Let a epsilon Z and k epsilon N Prove that one of the number
Let a epsilon Z and k epsilon N. Prove that one of the numbers a, a + 1, ..., a + (k - 1) is divisible by k. Let n epsilon Z and m epsilon N. The least residue of n modulo m is the unique integer among 0, 1, ..., m - 1 to which n is congruent modulo m. For k epsilon Z. which numbers can be the least residue of k^2 modulo 4? Prove that no integer which is congruent to 3 modulo 4 can be written as a sum of two squares. That is, if n = 3 (mod 4), then there are no integers x and y such that n = x^2 + y^2.)
Solution
a)
Assume not true.
SO we have k numbers and none of them is 0 mod k
But there are only k-1 residues mod k (from 1,....,k-1} and we have k numbers
So two of them must have the same residue mod k (By Pigeonhole Principle)

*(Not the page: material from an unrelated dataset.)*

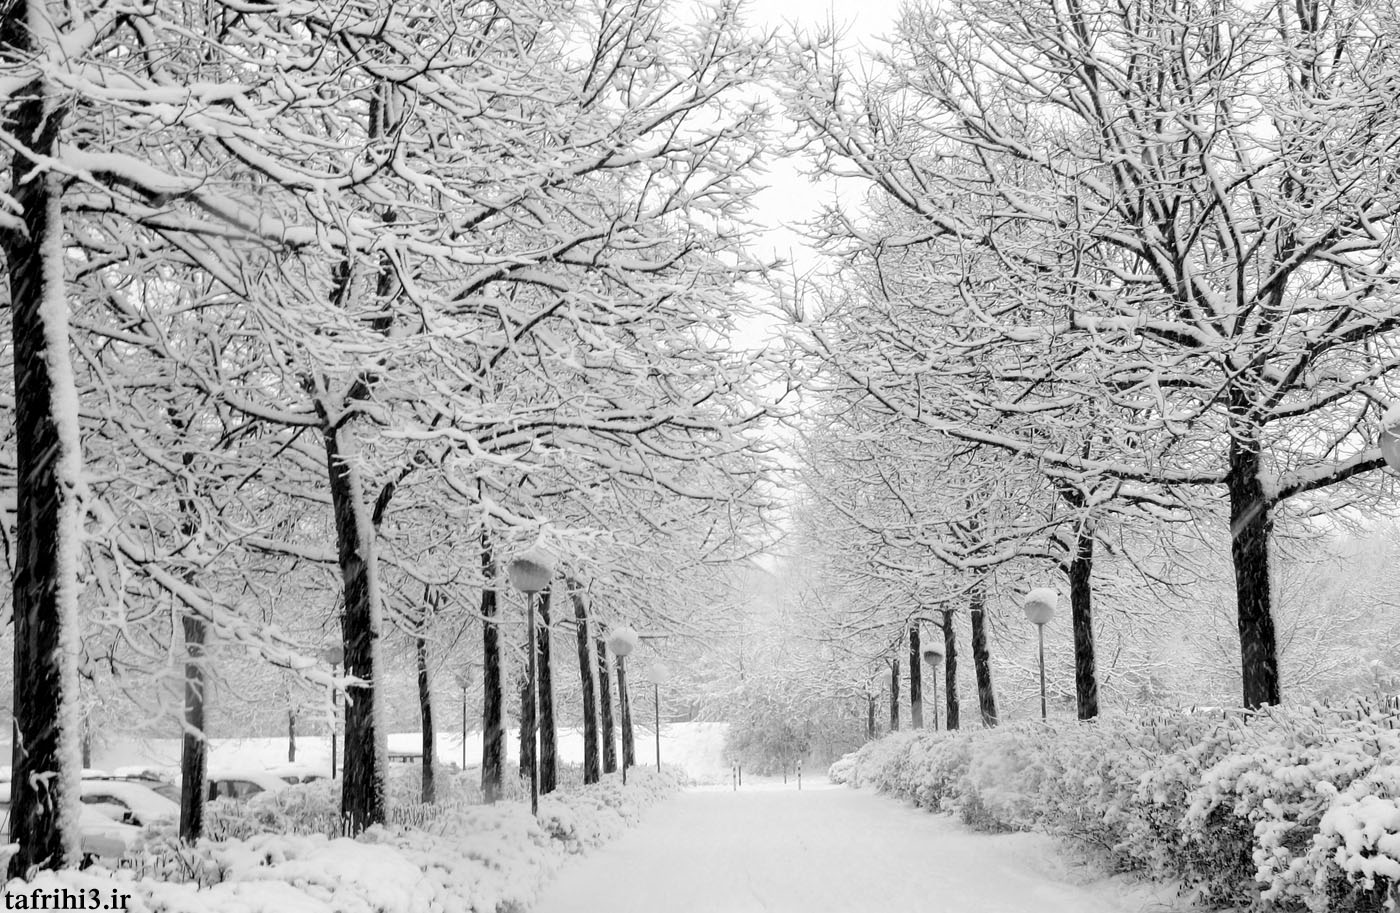 عکس های متحرک از فصل زمستان

So, a+r=a+s mod k, 0<=r,s<=k-1 , r and s not equal
So,r-s=0 mod k
Without loss of generality we can assume ,r>s
But, 0<r-s<k-1
So,r-s=0 mod k is not possible
So a contradiction
Hence, one of these numbers is divisible by k
b)
There are four least residues mod 4: 0,1,2,3
Squaring these gives
0^2=0 mod 4
1^2=1 mod 4
2^2=0 mod 4
3^2=1 mod 4
So,0 and 1 can be least residues of k^2 modulo 4
c)
As we saw in part b), x^2 and y^2 can be 0 or 1 mod 4
So ,x^2+y^2 can be 0 , 1 or 2 mod 4
ie x^2+y^2=3 mod 4 is not possible